### What the task asks
What you return should be only the lines starting at the one that contains "Wabash clinched their" and running to the end of the listing, exactly as written, minus any pictures.

### Supplied material
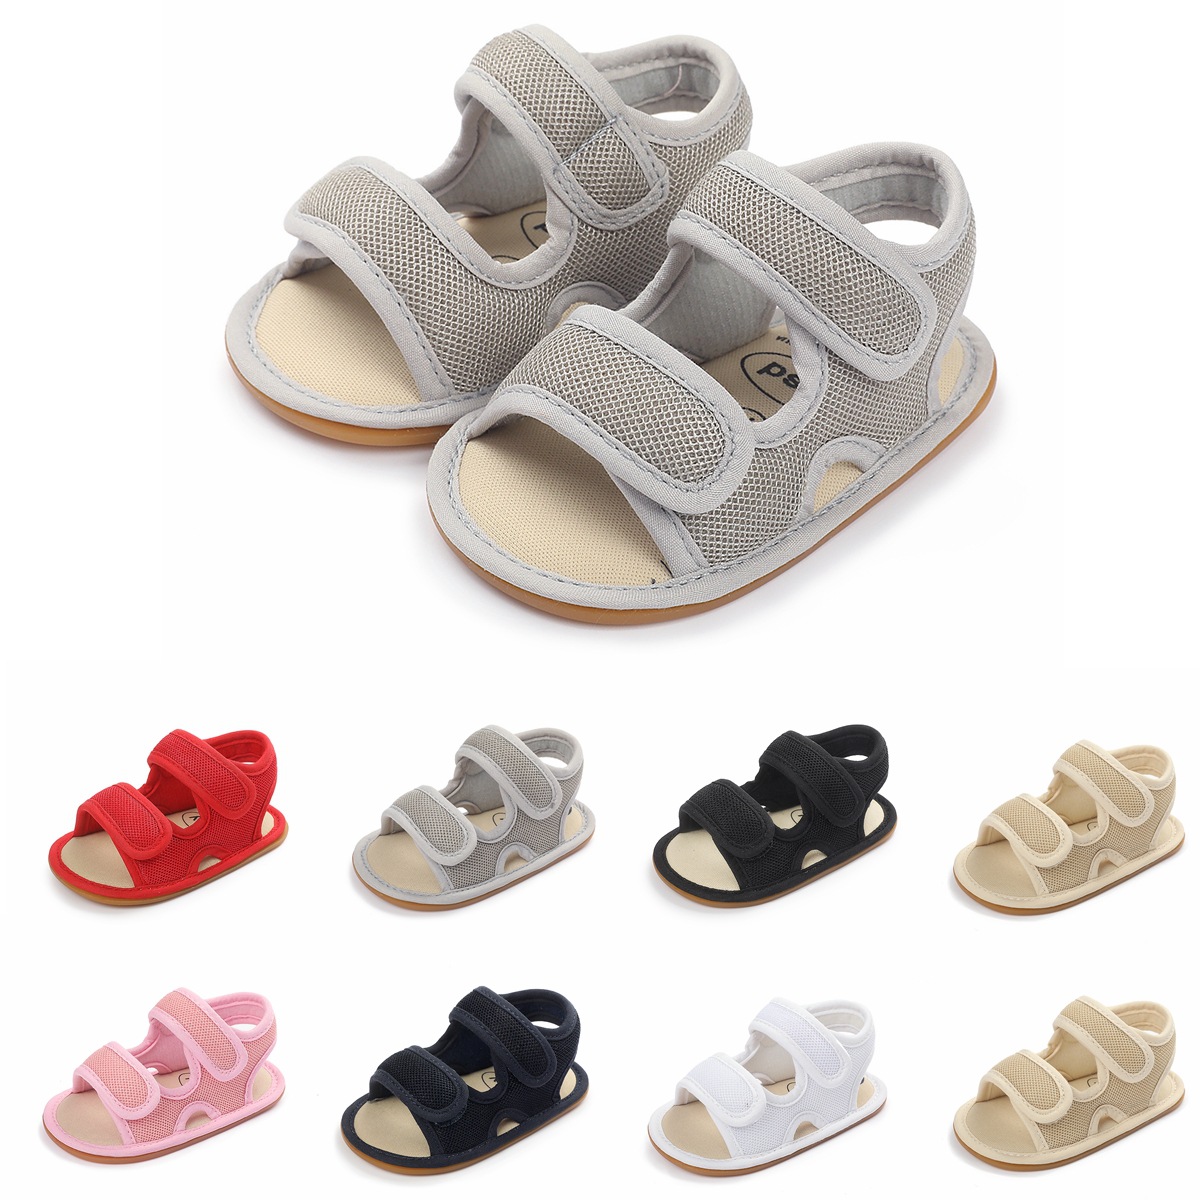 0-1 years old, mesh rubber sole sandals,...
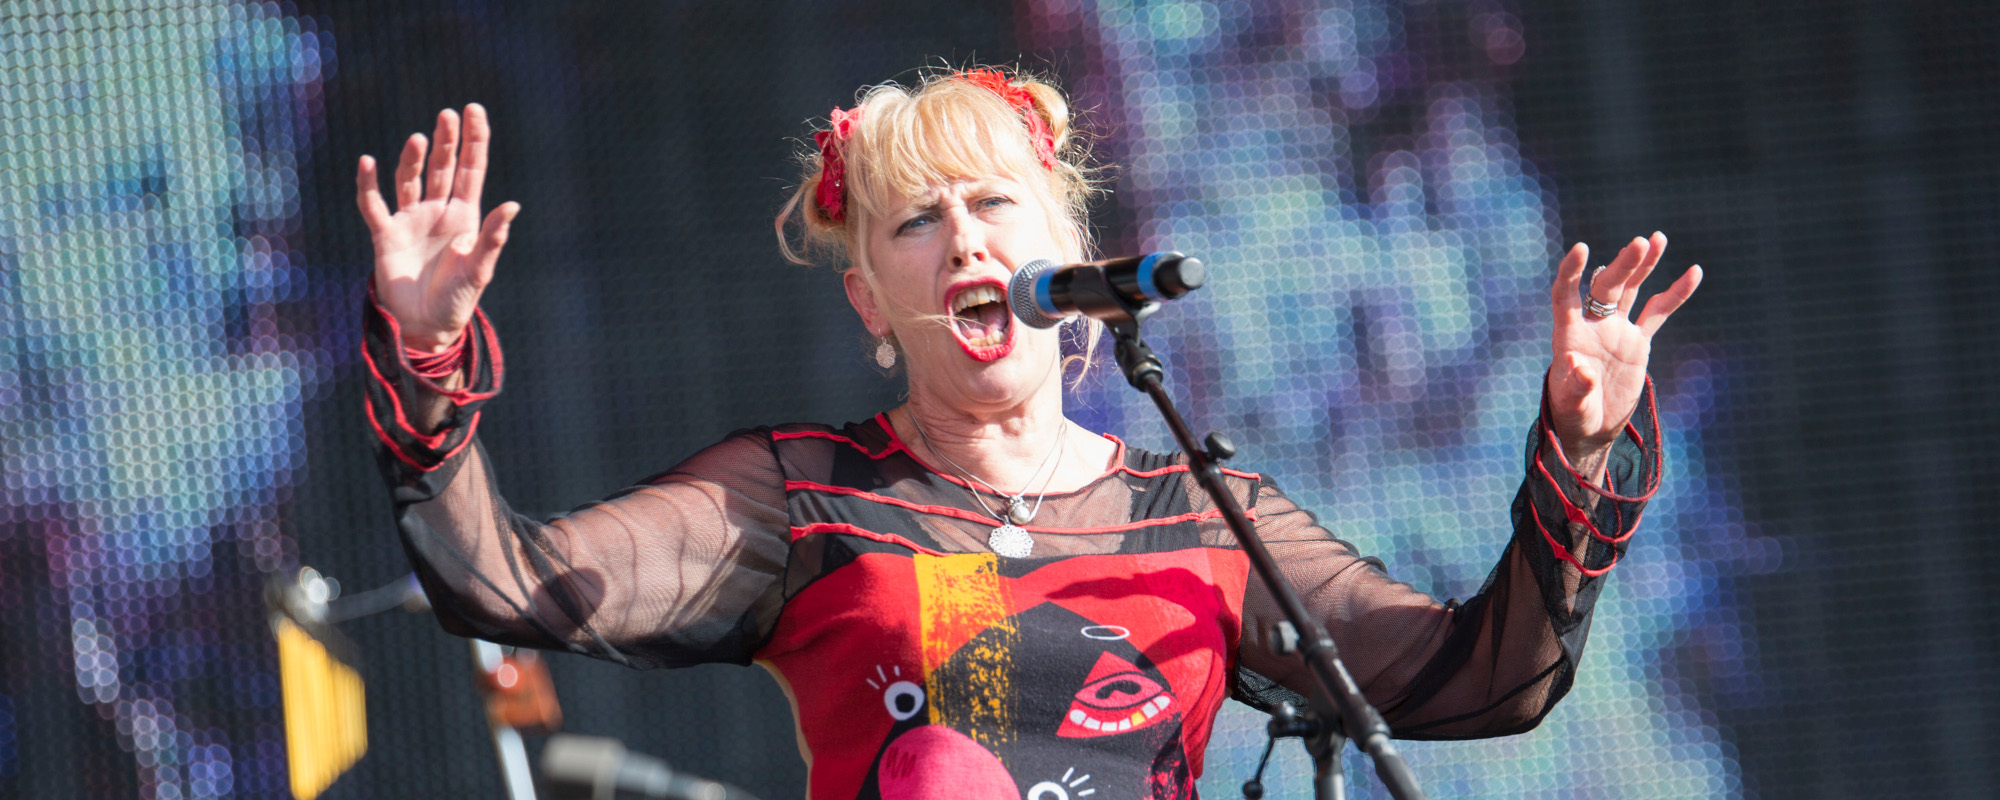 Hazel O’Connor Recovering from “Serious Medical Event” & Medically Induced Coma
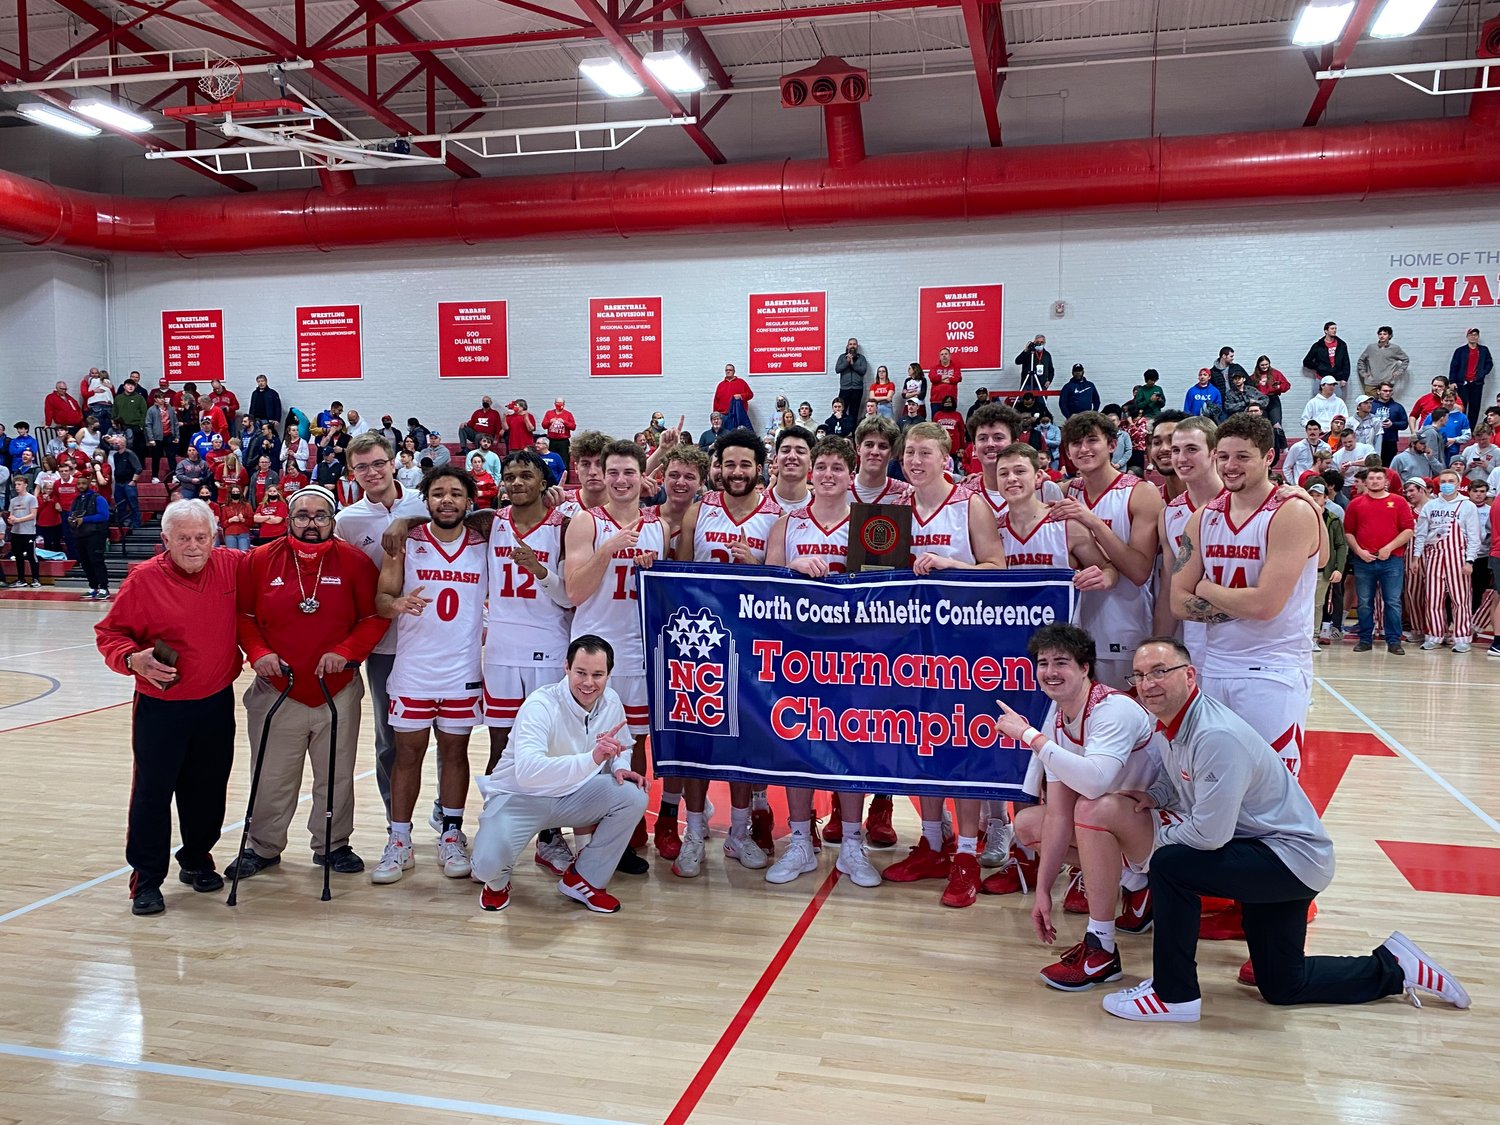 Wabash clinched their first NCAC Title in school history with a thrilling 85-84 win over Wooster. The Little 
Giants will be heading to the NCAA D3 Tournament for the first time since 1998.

### Response
 Wabash clinched their first NCAC Title in school history with a thrilling 85-84 win over Wooster. The Little 
Giants will be heading to the NCAA D3 Tournament for the first time since 1998.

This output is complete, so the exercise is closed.